Да, а потом мы наконец-то выбрались за черту города и доехали до моста Нойе Эльббрюкке через Эльбу, который я так любил. Я смотрел на большие суда и лодки, на верфи и на краны, и свет был тусклым, и все казалось серым — такой серый унылый мир. И в первый раз при взгляде на Эльбу с ее рукавами я не испытал никакого радостного возбуждения, я только хотел поскорее уехать отсюда, как можно скорее. Когда под Ведделем я выезжал на автобан, мне пришлось включить отопление, потому что дул ледяной ветер. Я промчался по автобану минут десять, когда Ирина вдруг тихо промолвила:
— Ах, вы оба…
— Что мы?
— Я… я так рада, что вы оба со мной, — выдавила она.
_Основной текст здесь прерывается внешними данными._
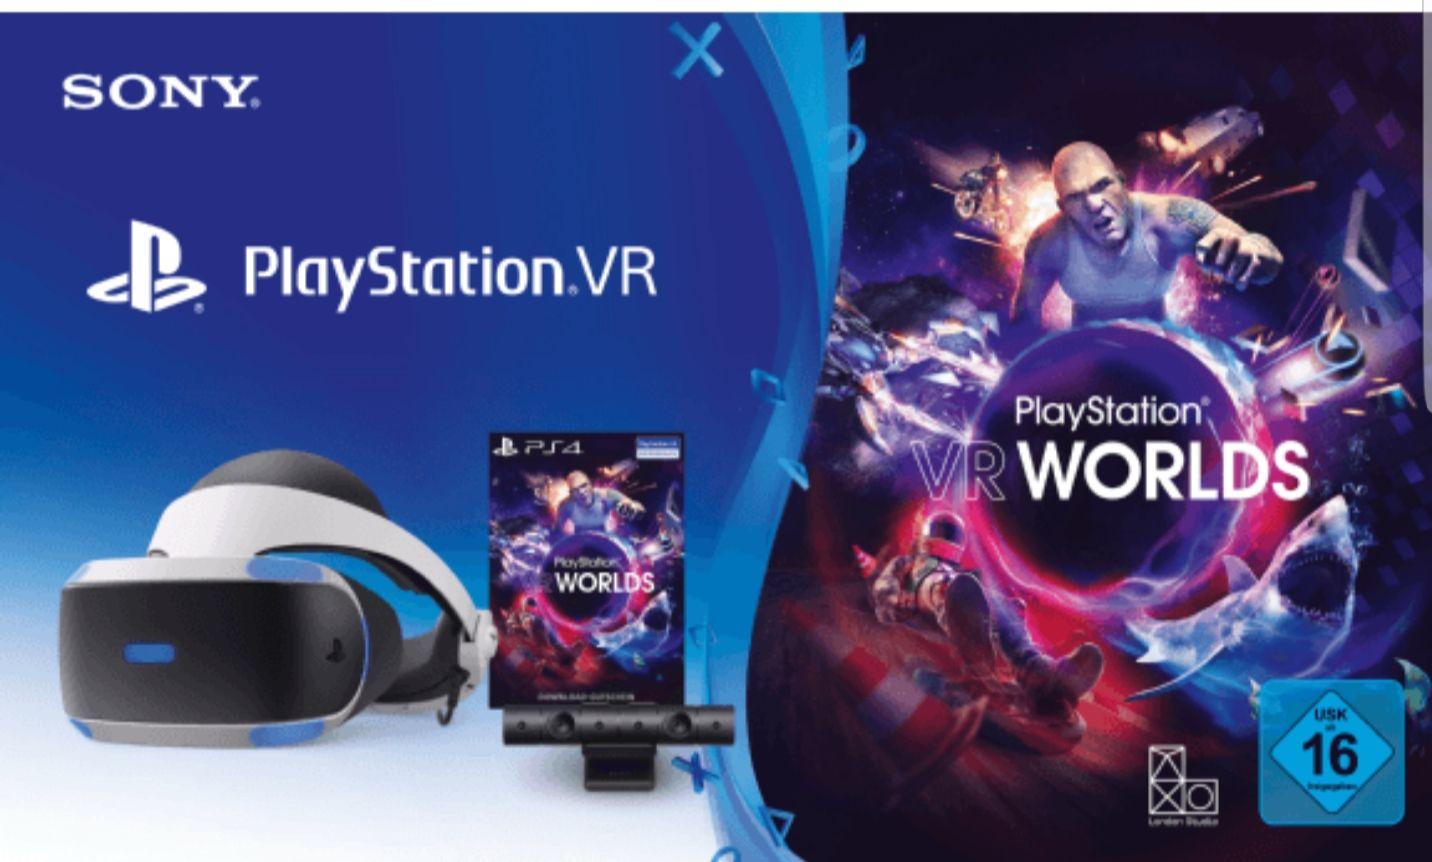 Media Markt (bis 05.01 9 Uhr) SONY PlayStation VR V2 + Camera + VR Worlds Voucher 349.99 Euro statt 399 Euro

Берти этого не услышал. Парень уже снова мирно посапывал.
12
«Патетическая» Чайковского все еще лежала на проигрывателе, когда мы с Ириной приехали из издательства в мой пентхауз на Лерхесберге. Уборщица все прибрала. Квартира была чисто вылизана — ничего больше не напоминало о тех двух шлюшках, которые еще в понедельник утром оставались здесь. Я провел Ирину по всем комнатам, показал ей гостевую, в которой ей теперь предстояло жить. Отсутствующим взглядом она скользила по дорогой полированной мебели различных оттенков, по стенкам с книгами, по террасе за большими французскими окнами.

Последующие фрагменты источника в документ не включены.